I've been making a lot of effort over the past few hours to gain some intuition into the art of geometric transformation but to little avail. I would really like to be able to look at a transformation matrix and have a pretty good idea of what it does to a shape (or at least a vector)
I sketched a simple box on a graph, and applied two simple transformations to them. After doing the first, I expected the second to produce a sort of mirror, or opposite of it, but that didn't happen (and I suppose it makes sense now thinking about it).
However, I would really appreciate if someone could give me an approach to thinking of these things intuitively and understanding where inside the matrix does the magic happen.
Below is my simple box (all drawn in Microsoft Publisher :) and the transformation matrix I used on each point (only one is labeled, the others are obvious)
I applied a very similar transformation in the second case but got a very different result.
This might help,
Lets first look at what the matrix does to vectors. A useful way of looking at a matrix is to think of each column as being the result of applying the matrix to one of the basis vectors.
$$ \left[ \begin{array}{cc} a & b \\ c & d \end{array} \right] \left[ \begin{array}{cc} 1 \\ 0 \end{array} \right] =\left[ \begin{array}{cc} a \\ c \end{array} \right] \qquad \left[ \begin{array}{cc} a & b \\ c & d \end{array} \right] \left[ \begin{array}{cc} 0 \\ 1 \end{array} \right] =\left[ \begin{array}{cc} b \\ d \end{array} \right] $$
When you have more than one nonzero component for a column vector the matrix is applied to each piece and the results are added. In other words multiplying a matrix by a column vector adds columns of the matrix weighted by the components of the vector.
$$ \left[ \begin{array}{cc} a & b \\ c & d \end{array} \right] \left[ \begin{array}{cc} 3 \\ 4 \end{array} \right] =\left[ \begin{array}{cc} 3a + 4b\\ 3c + 4d \end{array} \right] $$ Now lets use this to see what your matrix does to the (x,y) ordered pairs,
$$ \left[ \begin{array}{cc} 1 & 0 \\ 1 & 1 \end{array} \right] \left[ \begin{array}{cc} x \\ y \end{array} \right] =\left[ \begin{array}{cc} x \\ x+y \end{array} \right] \qquad \left[ \begin{array}{cc} 1 & 1 \\ 0 & 1 \end{array} \right] \left[ \begin{array}{cc} x \\ y \end{array} \right] =\left[ \begin{array}{cc} x+y \\ y \end{array} \right]. $$
So you can see that when the first transformation is applied to a point it leaves the $x$ coordinate alone and then makes a new $y$ coordinate by adding the old $x$ and $y$ values. You can see this in your figure the shape is deformed vertically but not horizontally.
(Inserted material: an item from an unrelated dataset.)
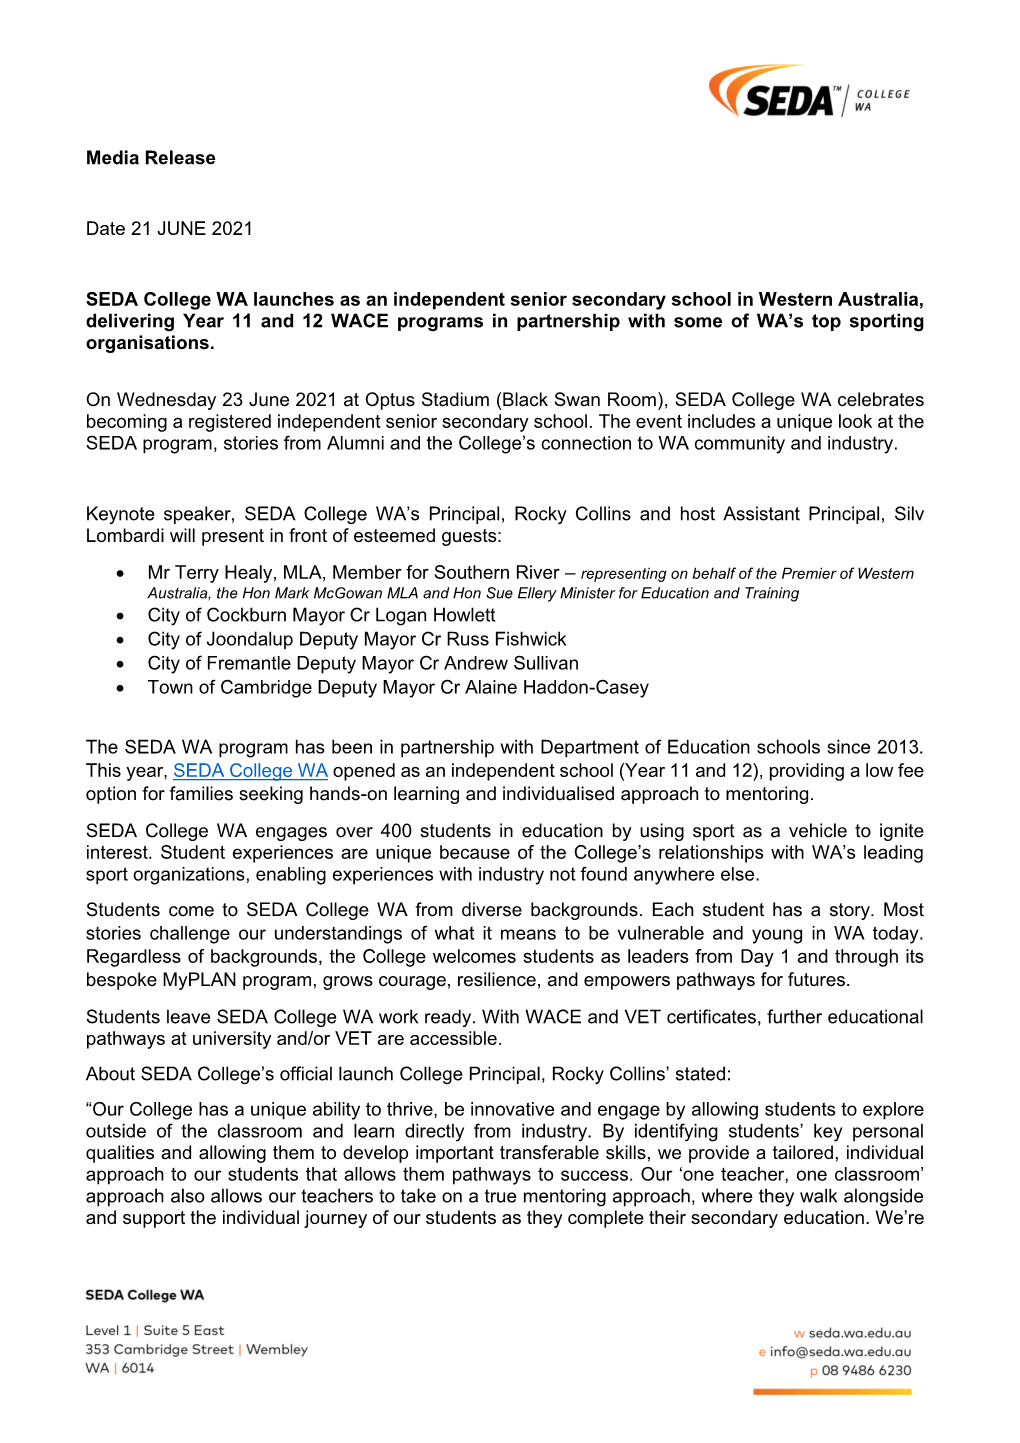 Media Release Date 21 JUNE 2021 SEDA College WA Launches As An

The second transformation does the same thing by with the roles of $x$ and $y$ reversed. Looking at this you can see that the $y$ coordinates do not change as a result of the transformation.
I hope this helps your intuition a bit. I'm not sure of you background but here are some general guidelines:
Your matrix will always treat $(0,0)$ as a special point. So when you are looking at what the transformation does you should keep in mind that it won't treat all squares equally.
When visualizing geometric transformations like this it is helpful to apply it to every point in the xy-grid. This gives you a new deformed grid which gives you an idea of what it does where. Think of this as stretching/compressing the xy plane.
If your transformation is diagonalizable you should find its eigenvalues and eigenvectors. These provide invaluable information about the transformation.